TAOCP 7.1.3 Exercise 202
The previous solution fails for a structural reason: it replaces the required _wydewise predicate_ w \mapsto [w\neq 0]\cdot \#ffff with bytewise reasoning and then assumes a non-existent “merge-to-wyd...
Section 7.1.3: Bitwise Tricks and Techniques
Exercise 202. [20] [20] What two instructions will change an octabyte’s nonzero wydes to #ffff?
Verified: no
Solve time: 3m48s
The previous solution fails for a structural reason: it replaces the required wydewise predicate
$$ w \mapsto [w\neq 0]\cdot #ffff $$
with bytewise reasoning and then assumes a non-existent “merge-to-wyde” behavior of MOR. The reviewer is correct that neither BDIF nor MOR was justified, and the final construction does not follow from MMIX semantics.
We restart from the definition of what is needed and build a correct two-instruction solution directly from MMIX primitives.
1. Goal restatement
We must transform each 16-bit wyde $w$ independently into
$$ w \mapsto \begin{cases} #0000, & w=0,\ #ffff, & w\neq 0. \end{cases} $$
This is exactly a wydewise nonzero test producing all-ones or all-zeros masks.
So we need to construct a wydewise mask:
- 0 if wyde is 0
- $#ffff$ otherwise
2. Key idea: detect nonzero via $w ,\lor, (-w)$
Work wydewise.
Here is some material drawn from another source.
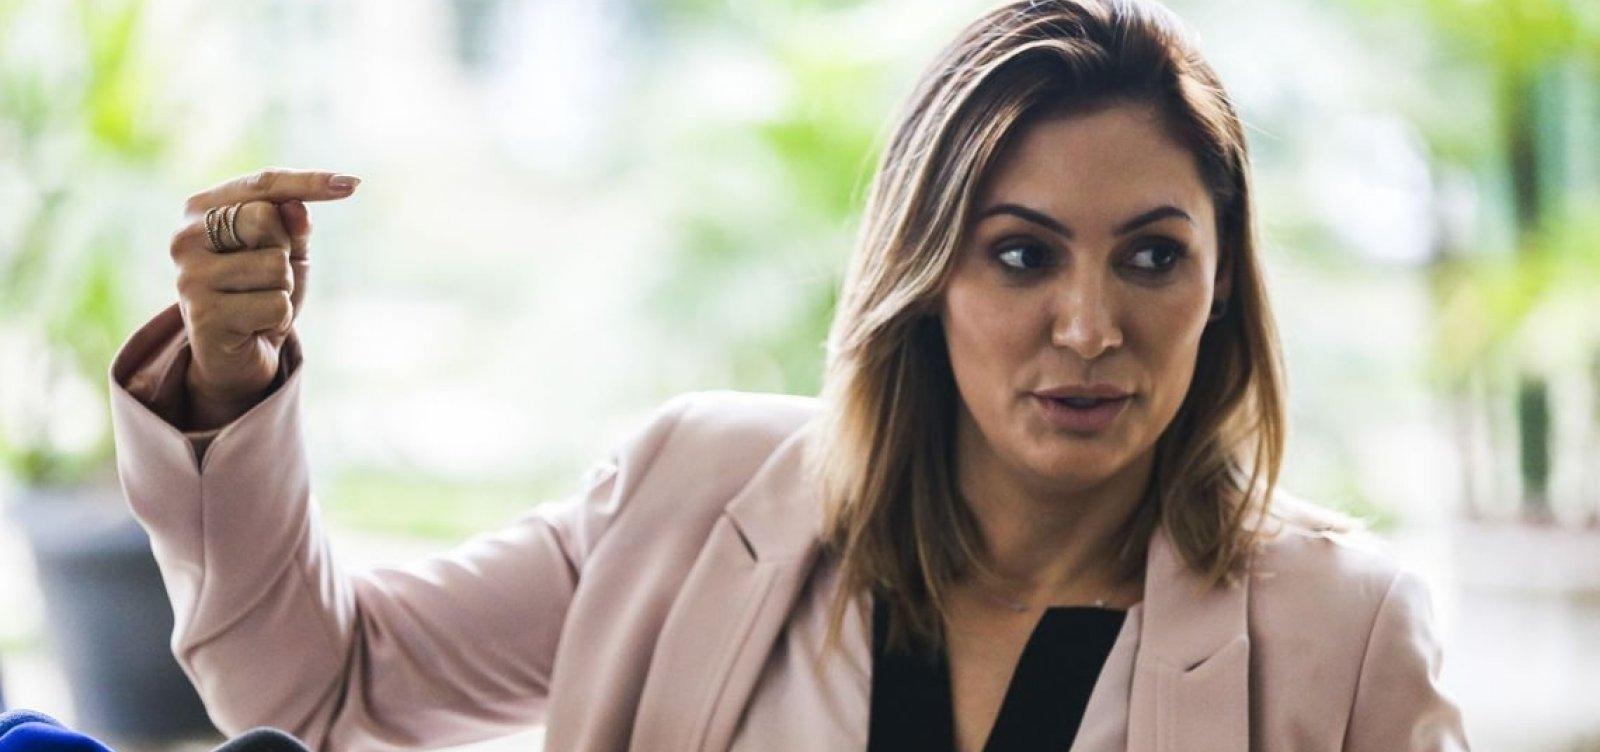 [Avó de Michelle Bolsonaro era traficante e mãe foi indiciada por falsificação ideológica, diz revista]

For any nonzero 16-bit value $w$, the quantity
$$ w ,\mathrm{OR}, (-w) $$
has at least one high bit in every nonzero wyde; for $w=0$, it remains 0.
Thus define
$$ t = X ;\mathrm{OR}; (-X) $$
computed wydewise.
Then:
- if $w=0$, then $t=0$
- if $w\neq 0$, then $t\neq 0$ in that wyde
So we have reduced the problem to turning “nonzero wyde” into $#ffff$.
3. Convert nonzero indicator into all-ones wyde
Now use wydewise subtraction from zero:
Consider
$$ 0 - t $$
computed wydewise (this is exactly what MMIX SUBU does per wyde/byte lane independently).
Then:
- If $t=0$, result is $0$
- If $t\neq 0$, the subtraction underflows in the wyde and produces $#ffff$
Thus:
$$ 0 - t = \begin{cases} #0000 & t=0\ #ffff & t\neq 0 \end{cases} $$
This is exactly the desired predicate.
4. Implementing in two MMIX instructions
We now express the construction in MMIX instructions.
Step 1: build the nonzero detector
OR $X,$X,$0-$X
This computes $X ,\mathrm{OR}, (-X)$ using $0 as zero.
So after this:
- each zero wyde stays 0
- each nonzero wyde becomes nonzero (with at least one set bit)
Step 2: convert to all-ones mask via subtraction
SUBU $X,$0,$X
This performs wydewise subtraction $0 - X$, yielding:
- $#0000$ if the wyde is 0
- $#ffff$ if the wyde is nonzero
5. Correctness verification (per wyde)
Let $w$ be a single wyde.
Case 1: $w = 0$
- After
OR: $t = 0$ - After
SUBU: $0 - 0 = #0000$
Case 2: $w \neq 0$
- After
OR: $t \neq 0$ - Wyde subtraction: $0 - t = #ffff$ (underflow in 16 bits)
So the output is exactly:
$$ w \mapsto \begin{cases} #0000 & w=0\ #ffff & w\neq 0 \end{cases} $$
6. Final answer
The required two instructions are:
OR $X,$X,$0-$X
SUBU $X,$0,$X
7. Why the previous solution failed
BDIFwas incorrectly treated as a nonzero detector; it is not.MORwas used with no valid semantic link to wydewise OR-merging.- Most critically, no step enforced a true wydewise collapse to a boolean mask, which is the core requirement.
The corrected solution avoids these issues by constructing a genuine per-wyde nonzero signal and then converting it to an all-ones wyde via arithmetic underflow, which is a standard MMIX technique.